Ambiguity Tube MPC
Fan Wu, Mario E. Villanueva, Boris Houska

TL;DR
This paper introduces a novel distributionally robust MPC framework for nonlinear stochastic systems using measure-theoretic methods, providing stability analysis and practical design guidelines.
Contribution
It presents a new ambiguity tube MPC formulation based on optimal transport theory and supermartingale analysis for stability in nonlinear stochastic systems.
Findings
Framework ensures stochastic stability for nonlinear systems.
Constructs terminal costs guaranteeing convergence to invariant sets.

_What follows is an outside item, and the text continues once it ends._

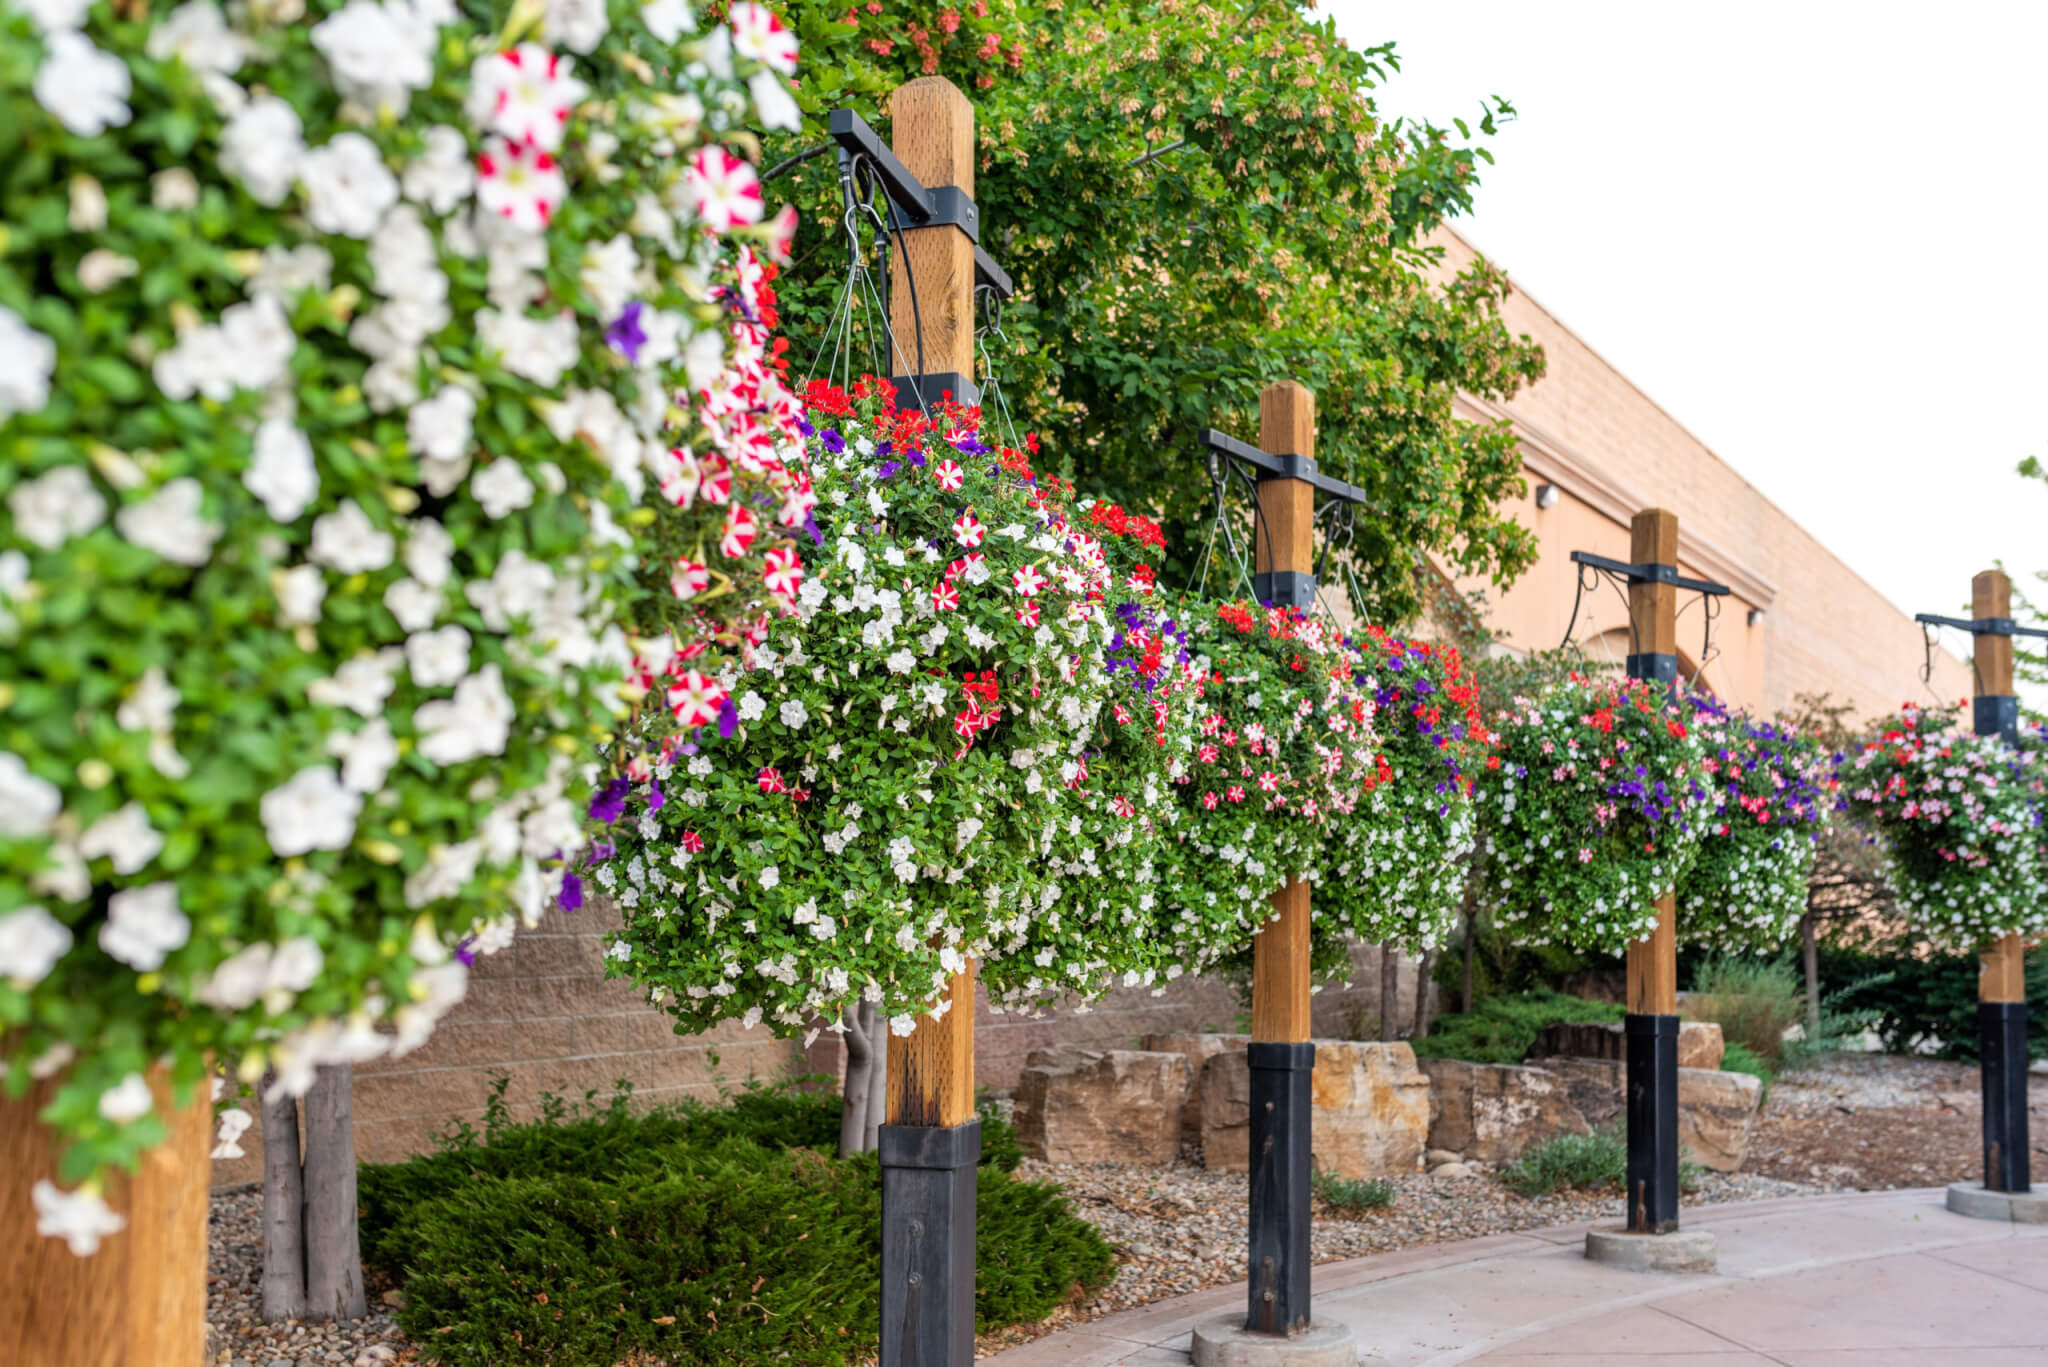 Hanging flower pots with colourful flower plants on side of the pathway

Demonstrates effectiveness through examples and a case study.
Abstract
This paper is about a class of distributionally robust model predictive controllers (MPC) for nonlinear stochastic processes that evaluate risk and control performance measures by propagating ambiguity sets in the space of state probability measures. A framework for formulating such ambiguity tube MPC controllers is presented, which is based on modern measure-theoretic methods from the field of optimal transport theory. Moreover, a supermartingale based analysis technique is proposed, leading to stochastic stability results for a large class of distributionally robust controllers for linear and nonlinear systems. In this context, we also discuss how to construct terminal cost functions for stochastic and distributionally robust MPC that ensure closed-loop stability and asymptotic convergence to robust invariant sets. The corresponding theoretical developments are illustrated by…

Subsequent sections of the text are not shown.